And finally, you have the Clugston case. In that one, Carney gave
immunity to a man named Jessie Ziegenhagen in the 1981 murder case of
Bryce Waldman. Ziegenhagen testified against Clugston, who was
convicted and sent to prison, where he said he was raped and contracted
HIV.
In 1994, information came to light that Ziegenhagen may have actually
committed the crime. Ziegenhagen was already dead, a murder victim
himself, so there was no new trial. Then-Gov. Lawton Chiles granted
clemency to Clugston.
Clugston went to trial not once but three times, with Carney overseeing
the first two that ended with hung juries. Carney didn't preside over
the third in which Clugston was convicted. Carney was prosecutor at
trial for Caravella but not Smith. The trial prosecutor for Frank Lee
Smith was William Dimitrouleas, who told the jury in closing arguments
that the Smith trial was a "fair American trial." Dimitrouleas is now a
veteran federal judge.
Hopefully Caravella will escape Frank Lee Smith's fate -- death in
prison -- and will soon see freedom.

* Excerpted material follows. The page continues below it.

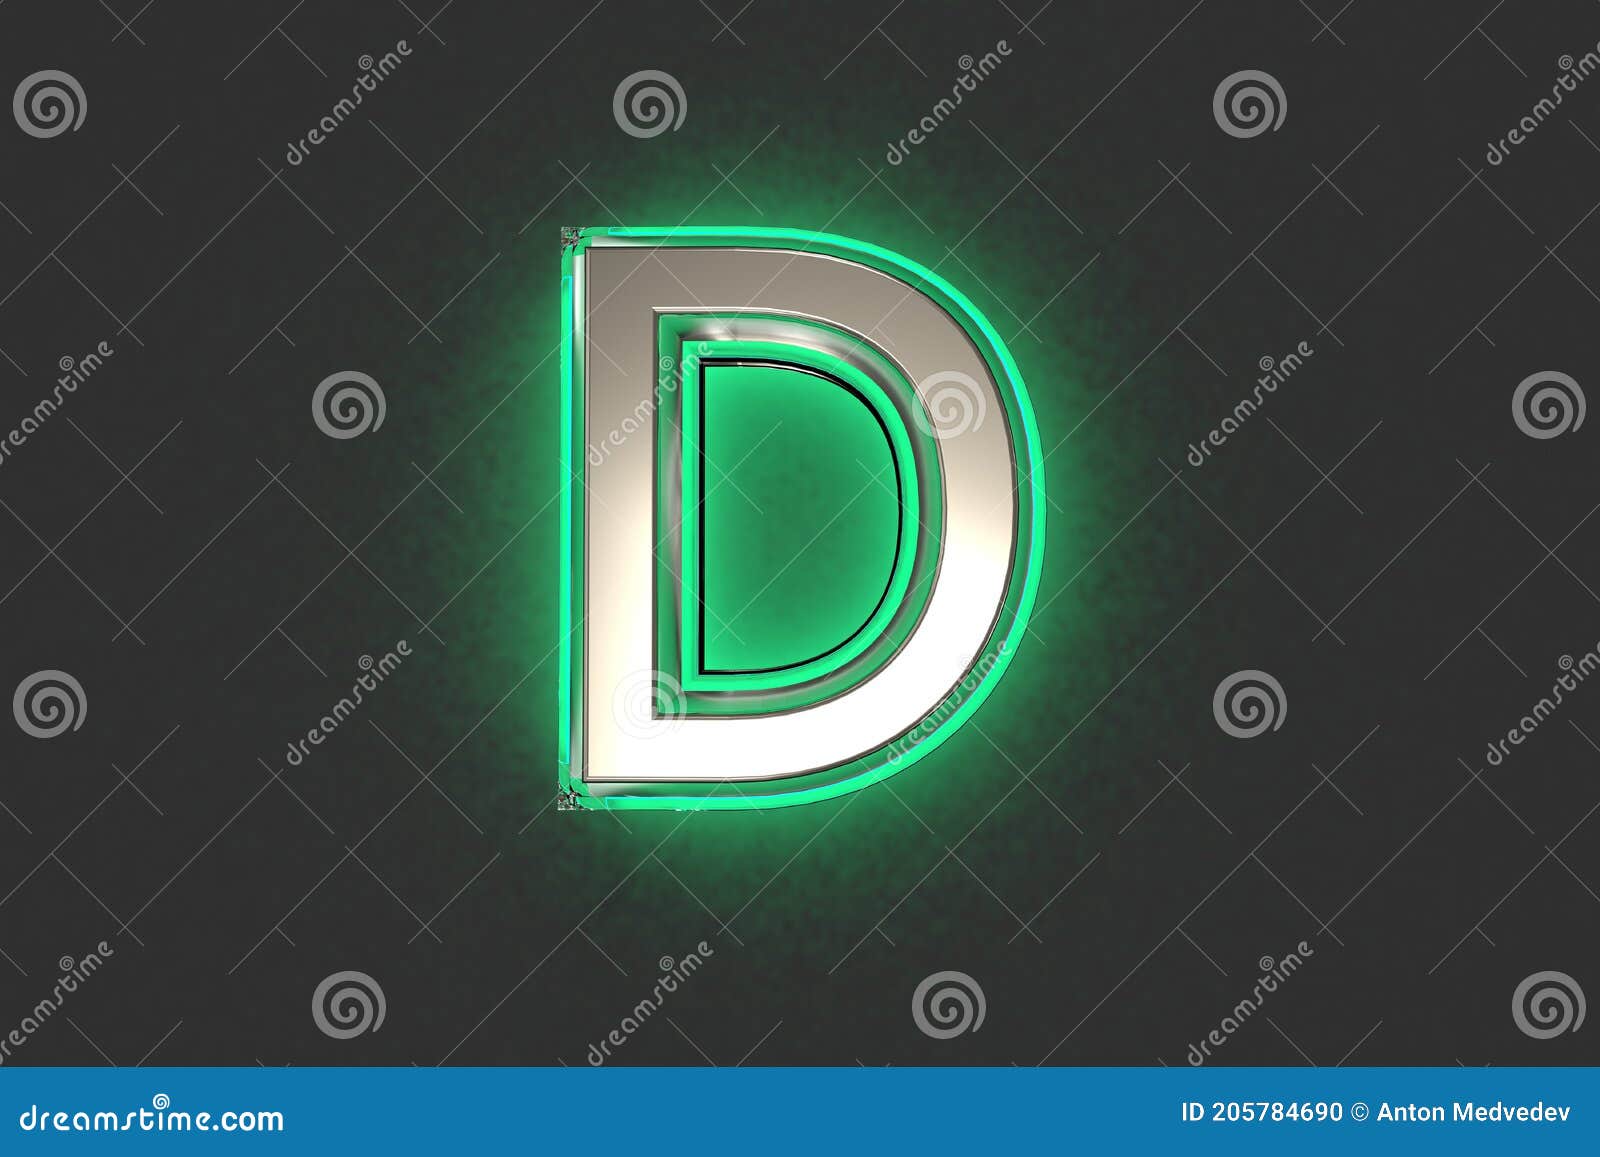 Silver Metalline with Emerald Outline and Green Noisy Backlight ...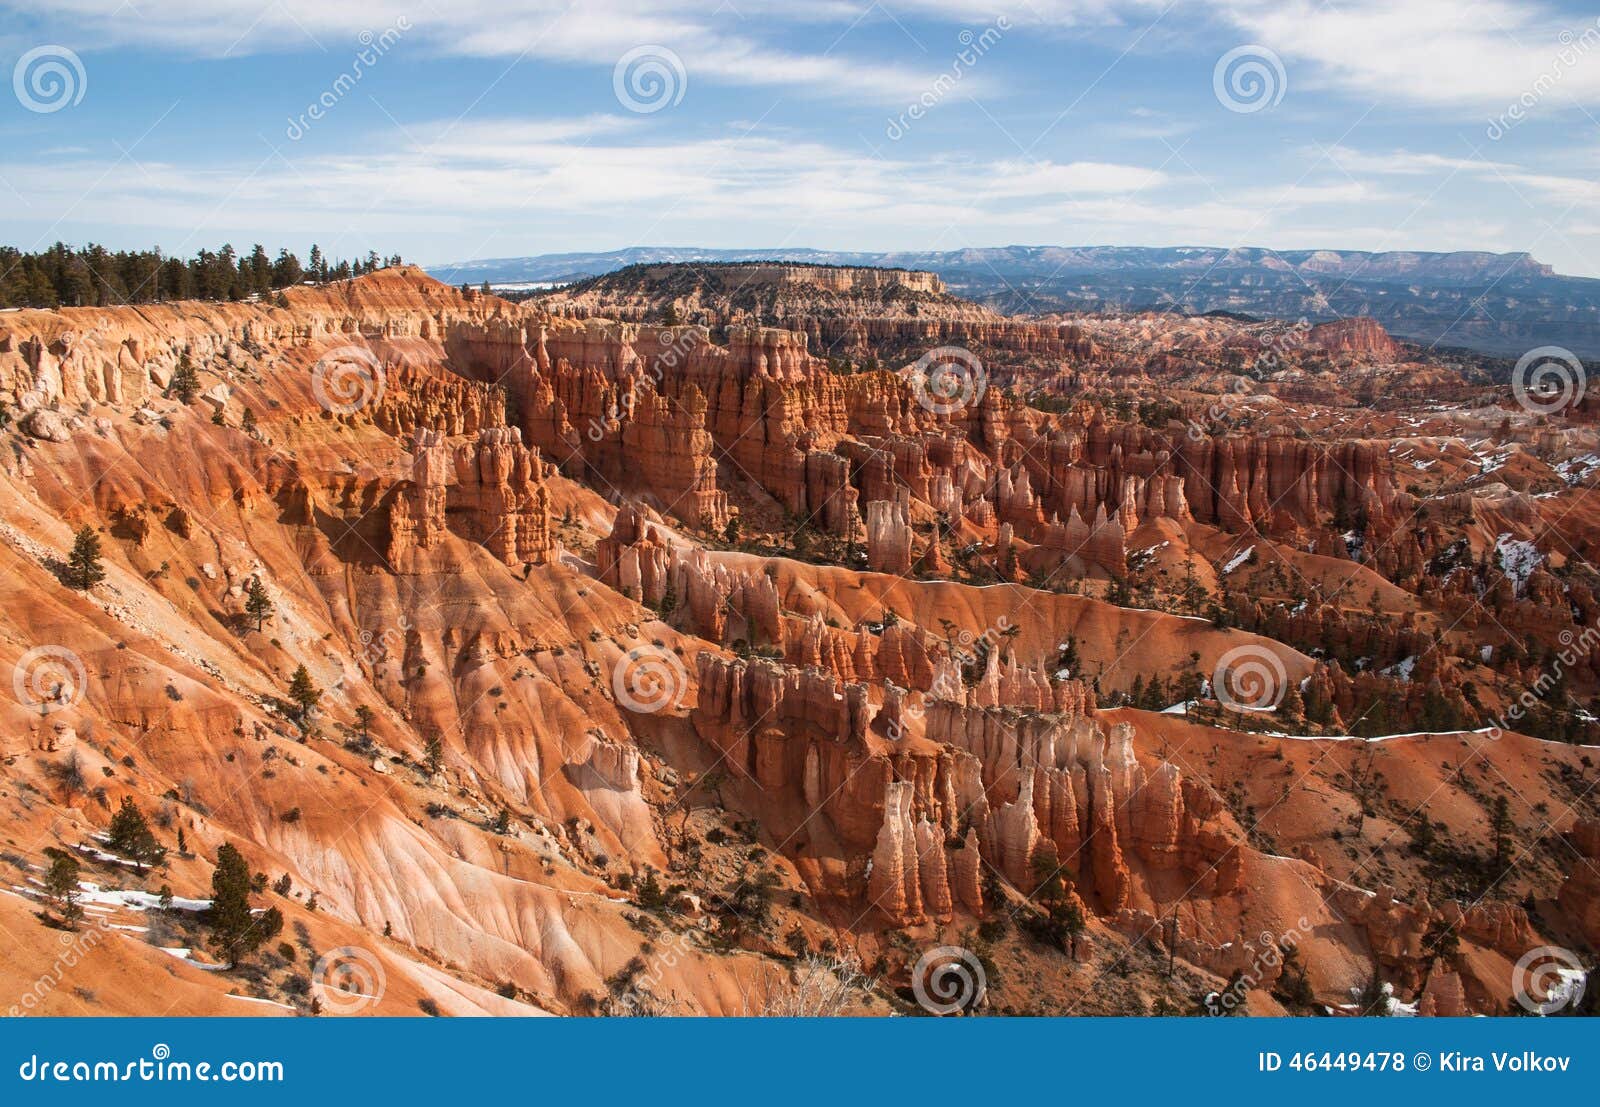 sunrise point overlook, bryce canyon national park

For any hope of that, he can thank
Broward County Chief Public Defender Diane Cuddihy, who fought hard for
the DNA tests. Sun-Sentinel reporter Paula McMahon gives her newspaper
some of the credit too by pointing out that the Sentinel referred
Caravella's brother to the Public Defender's Office back in 2001.
Actually, McMahan and former Sentinel reporter Ardy Friedberg both did
fine work reporting on those cases. Everyone involved deserves to be
commended.
Carney, though, might want to start following Finkelstein's advice
right about now.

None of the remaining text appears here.